TRY IT: Reproduce, exactly and in full, only the lines below from the one containing "Mr. Pen- Jingle" through the one containing "Charvel Prashant Aswani".

GIVEN RECORDS:

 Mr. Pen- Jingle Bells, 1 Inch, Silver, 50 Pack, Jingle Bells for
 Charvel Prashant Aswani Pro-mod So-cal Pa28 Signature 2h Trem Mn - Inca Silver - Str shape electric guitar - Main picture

==

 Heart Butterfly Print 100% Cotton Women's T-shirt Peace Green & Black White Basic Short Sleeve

OUTPUT OF THE EXERCISE:
 Mr. Pen- Jingle Bells, 1 Inch, Silver, 50 Pack, Jingle Bells for
 Charvel Prashant Aswani Pro-mod So-cal Pa28 Signature 2h Trem Mn - Inca Silver - Str shape electric guitar - Main picture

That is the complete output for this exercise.